About this study
Malaria, caused by the parasite Plasmodium falciparum, remains the most important disease in sub-Saharan Africa and a leading cause of global morbidity and mortality. As part of an effort to characterise the Kassena-Nankana District (KND) of Northern Ghana for future vaccine trials, we set up a large, frequency-matched, case-control study of severe malaria.
A number of malaria candidate genes, and more recently genome-wide association studies, have identified genomic loci associated with severe P. falciparum malaria disease. Notable among these is the protection conferred by the sickle-cell locus (HbS) in the beta-globin gene (Jallow M et al, 2009). Though Mackinnon and colleagues in Kenya estimated that host genetic factors contribute about a quarter of total malaria protection, only 2% of the total can be attributed to HbS (Mackinnon MJ et al, 2005), the ability of these genotypes to censor severe disease remains a strong component of the molecular mechanisms underpinning host response to malaria disease.
A frequency-matched and an individually-matched case-control study were conducted in the Kassena-Nankana District between 2002/04, and 2007/08, respectively, with the aim of identifying human genetic determinants of resistance to severe malaria in Northern Ghana.

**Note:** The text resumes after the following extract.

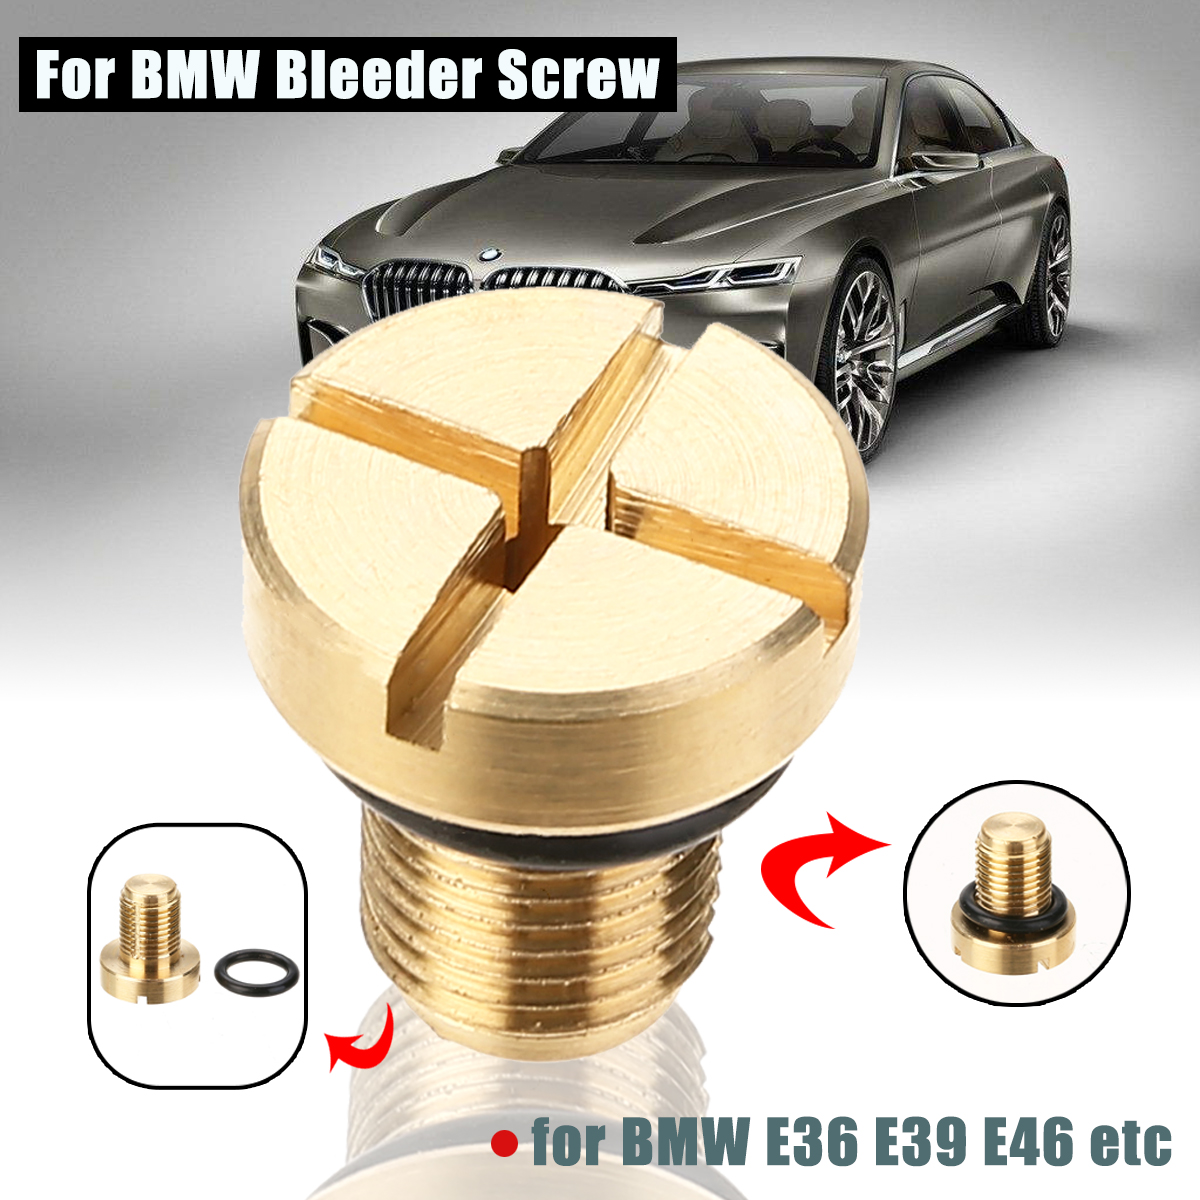 Image 2 - 1 шт расширительный бак для охлаждающей жидкости клапан прокачки из латуни для BMW E36 E39 E46 и т. д. автомобильный масляный радиатор трубы/резервуар для воды обратной трубы 17111712788

Severe malaria cases were recruited from the paediatric ward of the Navrongo War Memorial Hospital (NWMH), which serves the health needs of the Kassena-Nankana District population. Cases consisted of children (aged 6-60 months) who were diagnosed with severe malaria (SM). Criteria for diagnosis of SM were those included in the standard WHO definition. Cases were matched to controls on age category, sex, ethnicity and location. Two control categories were used; mild malaria and healthy (asymptomatic, community) controls. Two controls were recruited per case for each category of controls. The Navrongo Health and Demographic Surveillance System keeps vital records of the KND population and played a central role in the location and recruitment of community controls. Mild malaria controls were recruited from four out-patient clinics, including the out-patient department of the NWMH.
Clinical data and DNA samples were contributed to the MalariaGEN Consortial Project 1 (CP1) along with those of 10 other case-control studies from a total of 11 malaria-endemic countries. As part of the sample handling process, baseline genotyping data was generated for a number of malaria–associated single nucleotide polymorphisms (SNPs) and the appropriate data has been returned to each site for site-specific analysis. A total of 69 SNPs at candidate genes (selection based on previous reports of association with severe malaria or on their likely biological role in malaria infection/disease) will be included in our analysis.
Single- and multi-locus analysis will be conducted using various multivariate logistic regression models to assess the relationship between these polymorphisms and well defined clinical phenotypes. Phenotypes that could potentially be tested include severe malaria and sub-phenotypes such as severe malarial anaemia, hyperlactatemia and respiratory distress.
The studies were conducted in the Kassena-Nankana District of the Upper East region of Northern Ghana. The district covers an area of 1675Km2 of Sahelian savannah along the Ghana-Burkina Faso border. The population is estimated at 152,000 inhabitants, the majority of whom are engaged in subsistence farming. The major ethnic groups in the area are the Kassem and the Nankam with a minority of Buli. Most people live in traditional family housing units called compounds that typically house multi-families (different households) of common ancestry.
Annual rainfall averages 850mm, almost all of which occurs in the wet months of July - November with the rest of the year being relatively dry. One of the main features of the area is a large reservoir in the district, which provides water for irrigation throughout the year. Malaria epidemiology has been extensively characterized in this part of Northern Ghana (Owusu-Agyei S et al, 2001; Owusu-Agyei S et al, 2002; Koram KA et al, 2000; Koram KA et al, 2003; Oduro AR et al, 2007). Malaria transmission in the KND is stable but with a marked seasonality in intensity that coincides with the months of rainfall. The overall entomological inoculation rate at the time of these studies was estimated to be >400 infective bites/person-year (Appawu M et al, 2004), but current estimates are around 150 infective bites/person-year. The main malaria vectors are Anopheles gambiae s.l and A. funestus, constituting about 94.3% of the vector population.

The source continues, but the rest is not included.